» What you will do
Would you please repeat all of the data exactly, omitting the pictures?

» Data shown
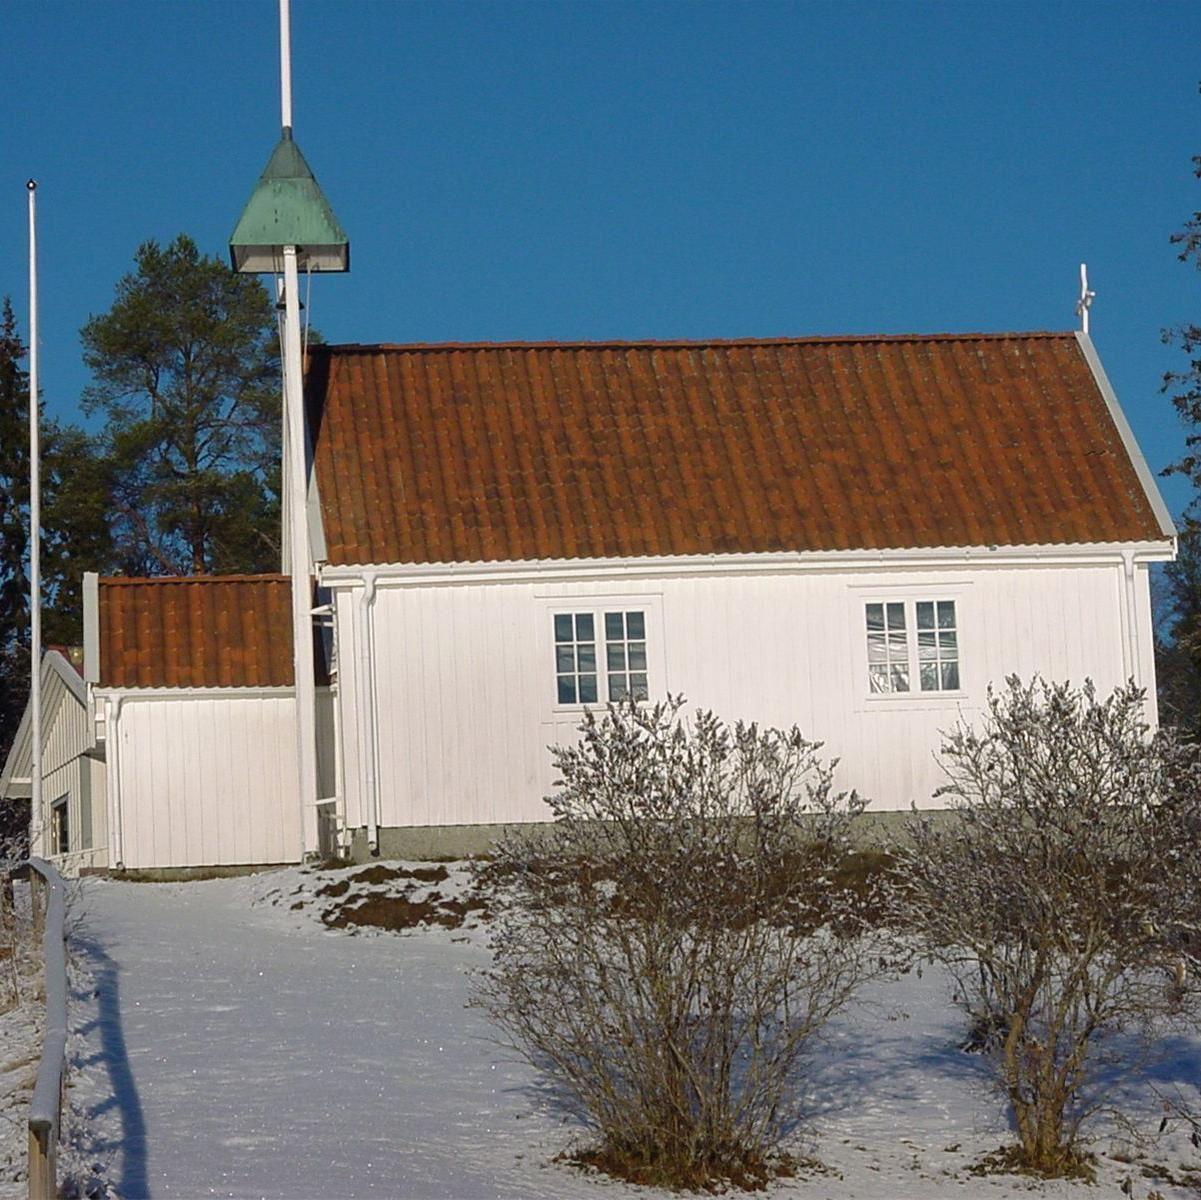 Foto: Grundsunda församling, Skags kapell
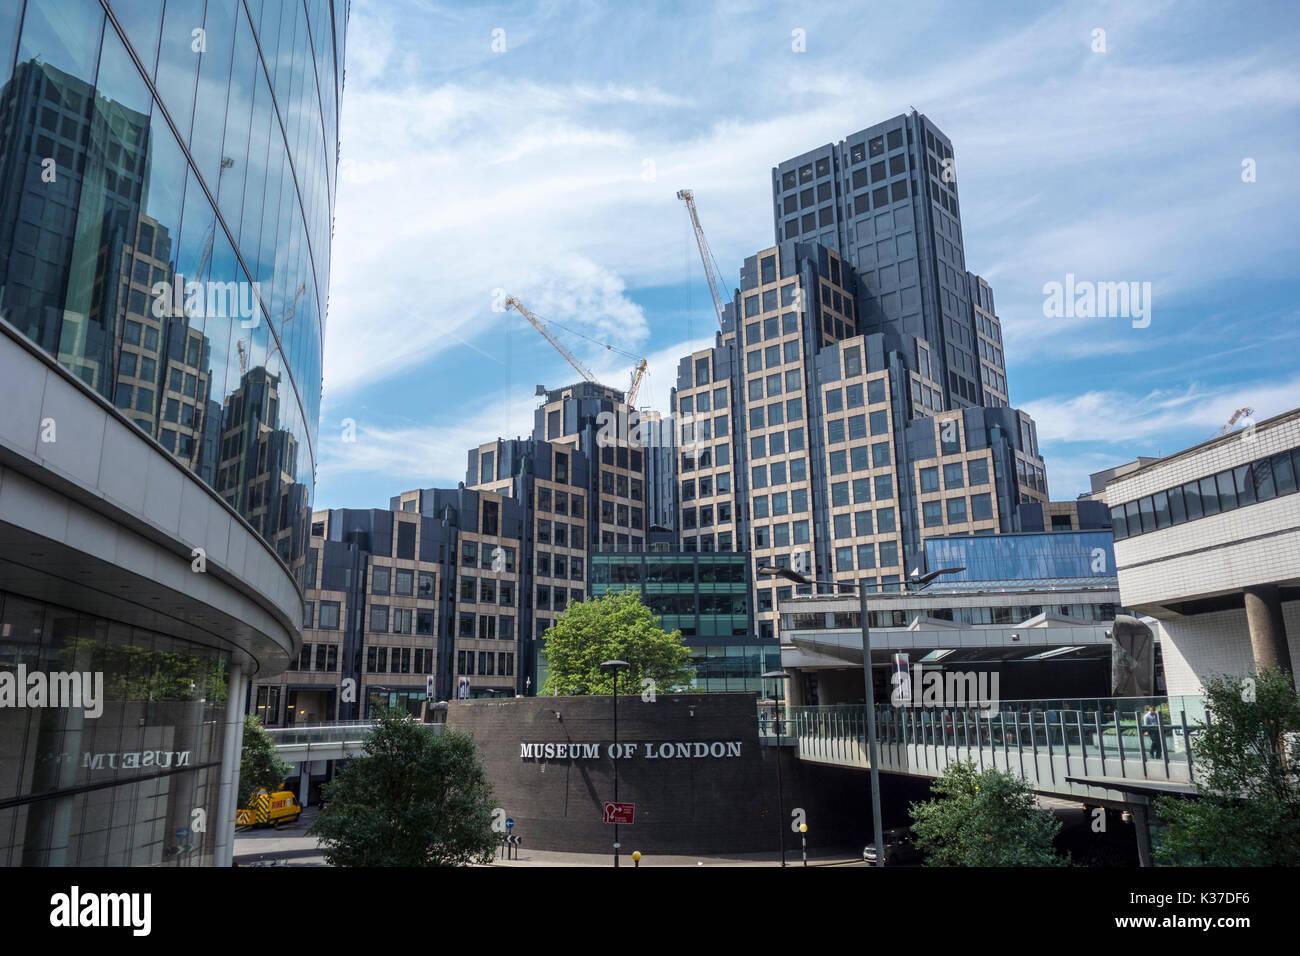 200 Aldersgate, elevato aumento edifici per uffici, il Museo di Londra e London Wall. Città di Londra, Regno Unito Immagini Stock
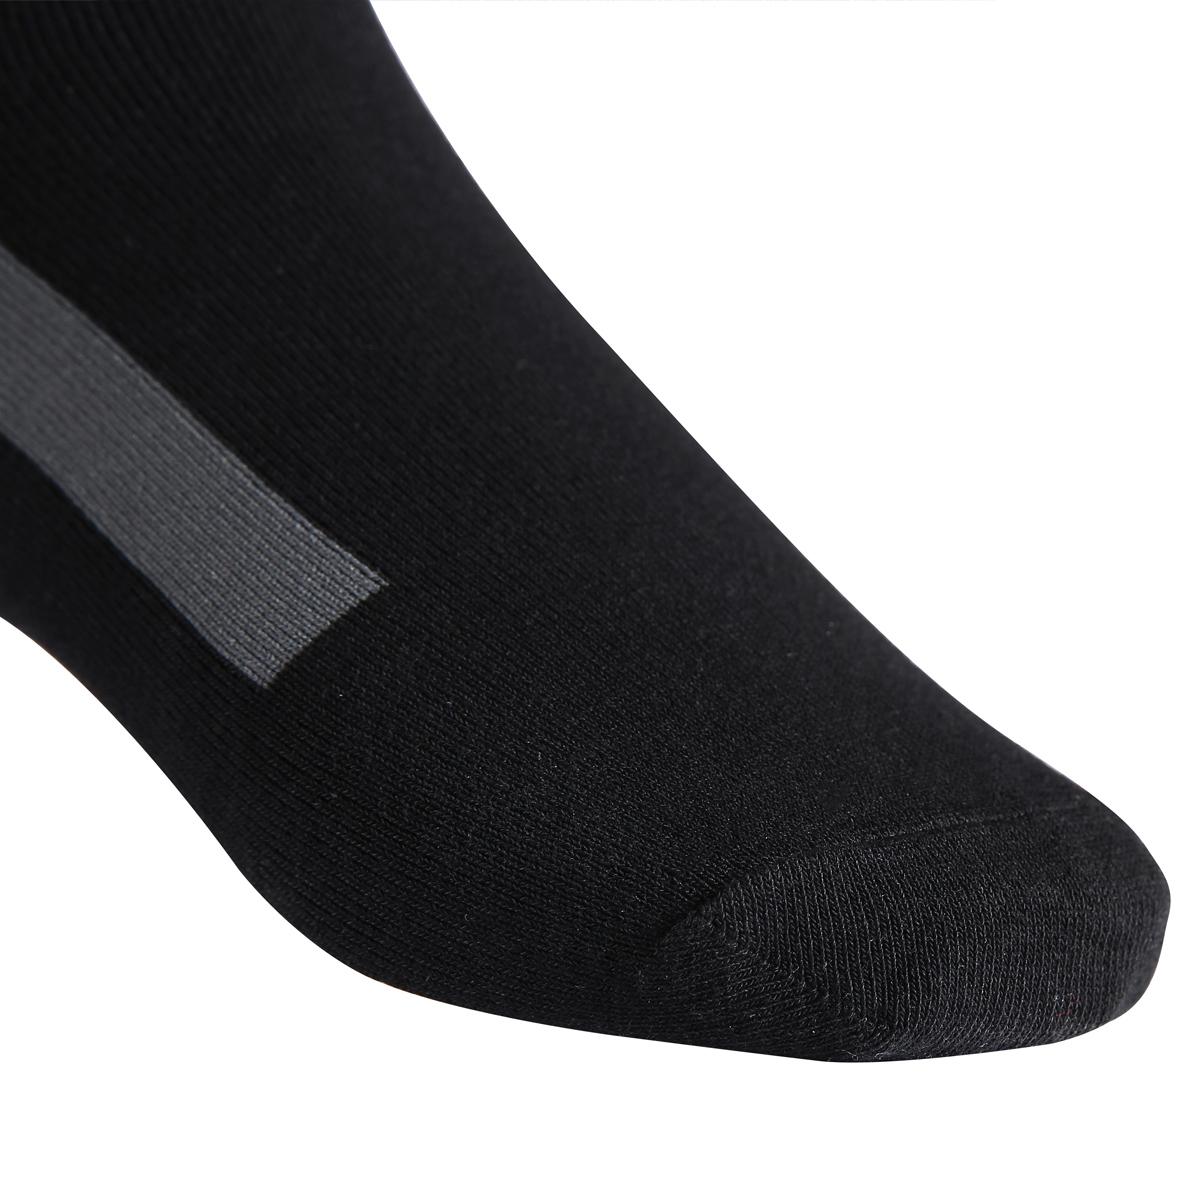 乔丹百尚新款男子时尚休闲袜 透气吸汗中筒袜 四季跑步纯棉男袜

» Answer
 Foto: Grundsunda församling, Skags kapell
 200 Aldersgate, elevato aumento edifici per uffici, il Museo di Londra e London Wall. Città di Londra, Regno Unito Immagini Stock
 乔丹百尚新款男子时尚休闲袜 透气吸汗中筒袜 四季跑步纯棉男袜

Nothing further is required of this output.